REPUBLIKA.CO.ID, JAKARTA -- Partai Demokrasi Indonesia Perjuangan (PDIP) akan menggelar rapat kerja nasional (Rakernas) V di Beach City International Ancol, Jakarta Utara pada 24-26 Mei 2024. Tema utama forum tersebut mengusung Satyam Eva Jayate yang artinya kebenaran pasti menang.
Ketua DPP PDIP yang juga Ketua Steering Committee Rakernas V, Djarot Saiful Hidayat mengatakan, forum tersebut digelar untuk internal partai sehingga mereka tak mengundang Presiden Joko Widodo (Jokowi) dalam acara tersebut.

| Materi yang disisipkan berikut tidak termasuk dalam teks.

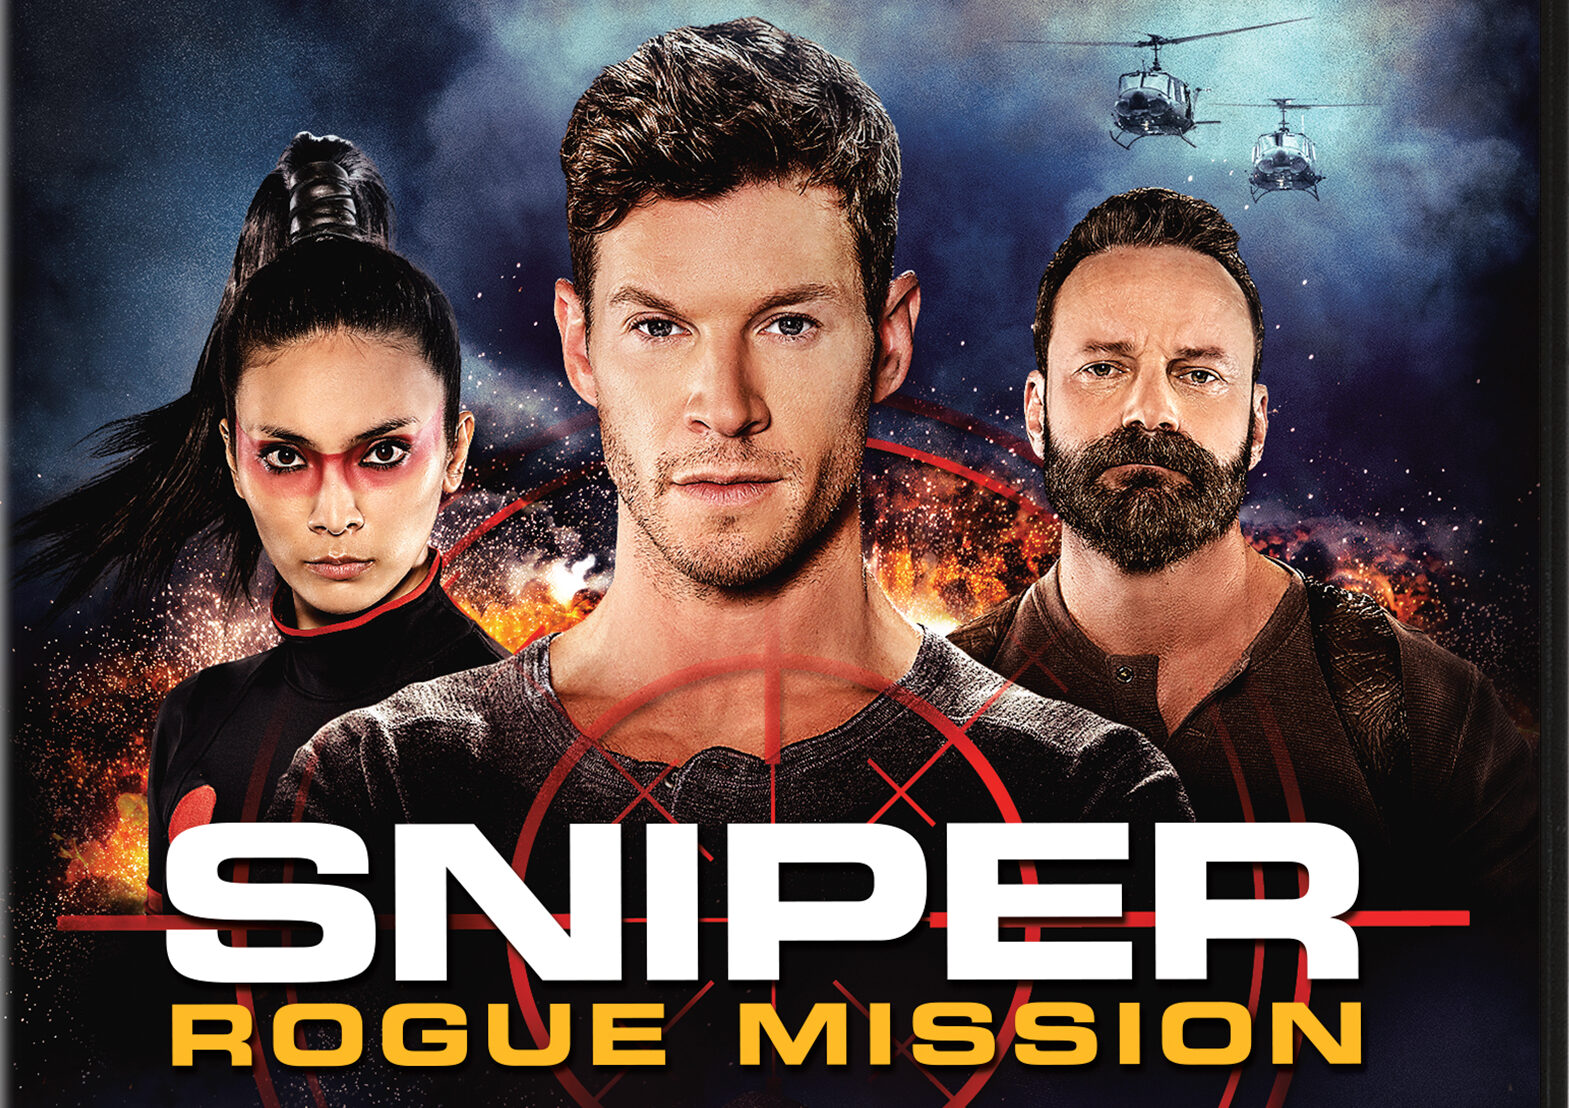 The Sniper Films Return With Sniper: Rogue Mission New Trailer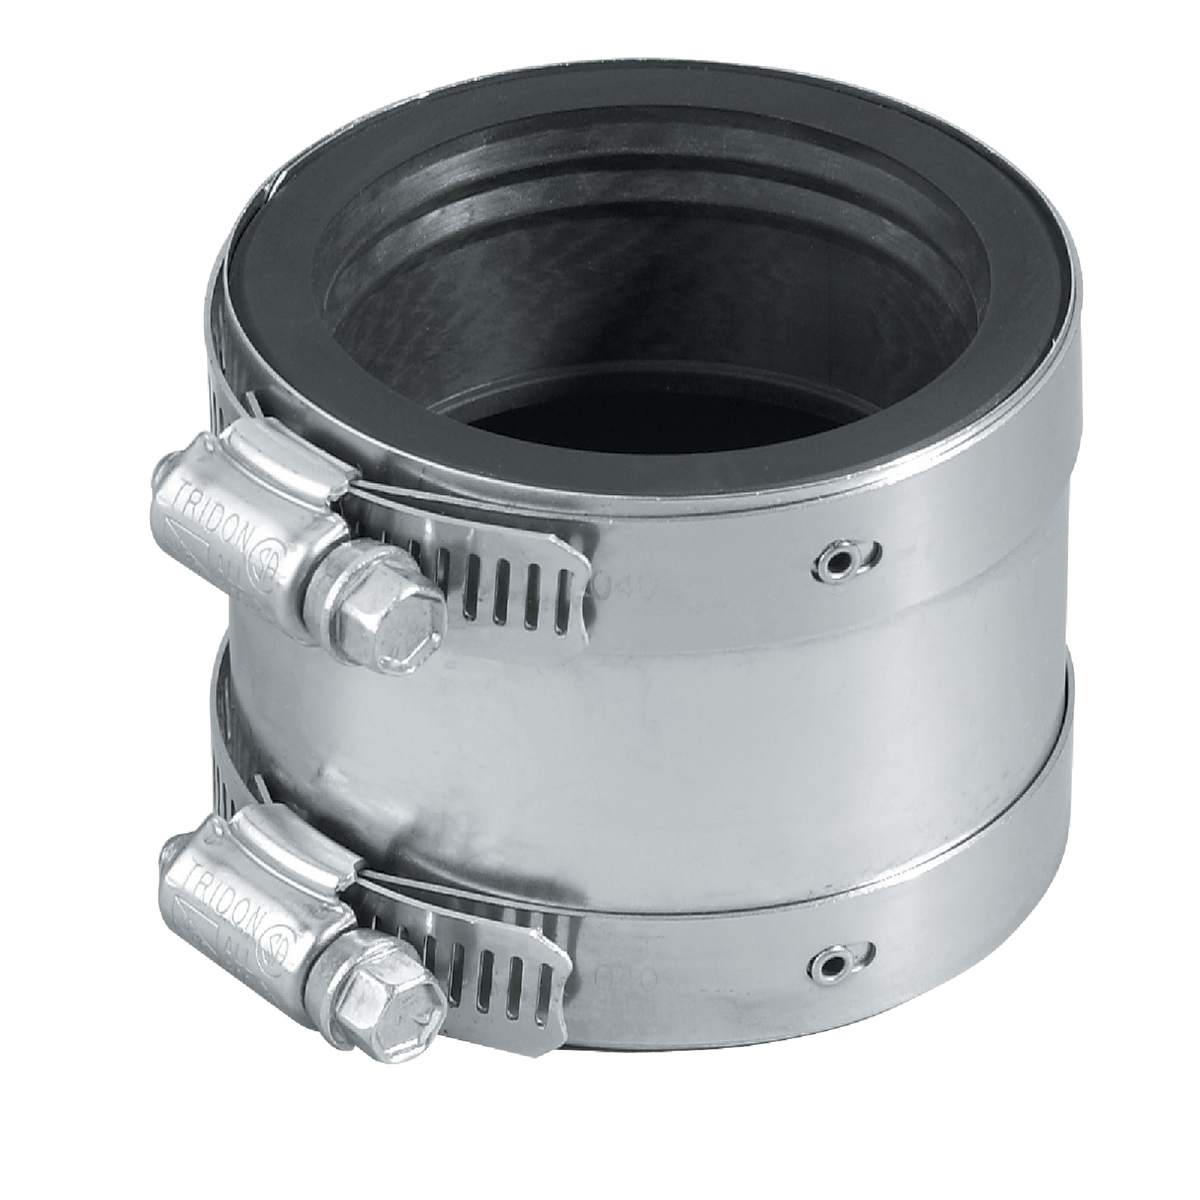 Proflex 2 In. x 2 In. PVC Shielded Coupling - Cast-Iron to Plastic Pvc To Cast Iron Transition Coupling

"Kejutan-kejutan apa saja yang nanti akan muncul di rakernas, tunggu saja. Termasuk juga yang akan diundang. Yang jelas Presiden dan Wakil Presiden tidak diundang," ujar Djarot di Kantor DPP PDIP, Jakarta Pusat, Kamis (16/5/2024).
"Kenapa? Karena beliau sangat sibuk dan menyibukkan diri. Jadi ini hanya internal PDI Perjuangan pesertanya internal PDI Perjuangan," ucap Djarot menambahkan.
Rakernas V PDIP juga memiliki subtema, yakni 'Kekuatan Persatuan Rakyat, Jalan Kebenaran yang Berjaya'. Rakernas akan menjadi forum partai berlambang kepala banteng itu untuk membahas tiga agenda utama. "Pertama tentang sikap dan posisi politik PDI Perjuangan," ujar Djarot.
Agenda kedua Rakernas V PDIP adalah membahas program kerakyatan yang akan diusung PDIP. Terakhir, membicarakan strategi pemenangan untuk Pemilihan Kepala Daerah (Pilkada) 2024. Rakernas V PDIP juga menjadi tempat menggelorakan semangat tiga pilar partai, yakni struktural partai, legislatif partai, dan eksekutif partai.
Guna menggelorakan semangat juang, kata Djarot, forum tersebut akan diawali dengan menyalakan api dari Api Abadi Mrapen, Grobogan, Jawa Tengah. Lewat simbol api tersebut, PDIP berharap kegelapan demokrasi yang melanda Indonesia bisa diatasi oleh seluruh komponen bangsa.
Khususnya para pemuda, mahasiswa, kelompok civil society, pers, seniman, guru besar, dan para politisi berjiwa kenegarawanan. "Persatuan seluruh kelompok pro demokrasi tersebut akan menjadi fajar demokrasi guna melawan berbagai bentuk nepotisme, kolusi, dan korupsi serta penggunaan alat-alat negara dan sumber daya negara bagi kepentingan politik kekuasaan yang cenderung anti demokrasi," ujar mantan gubernur DKI Jakarta itu.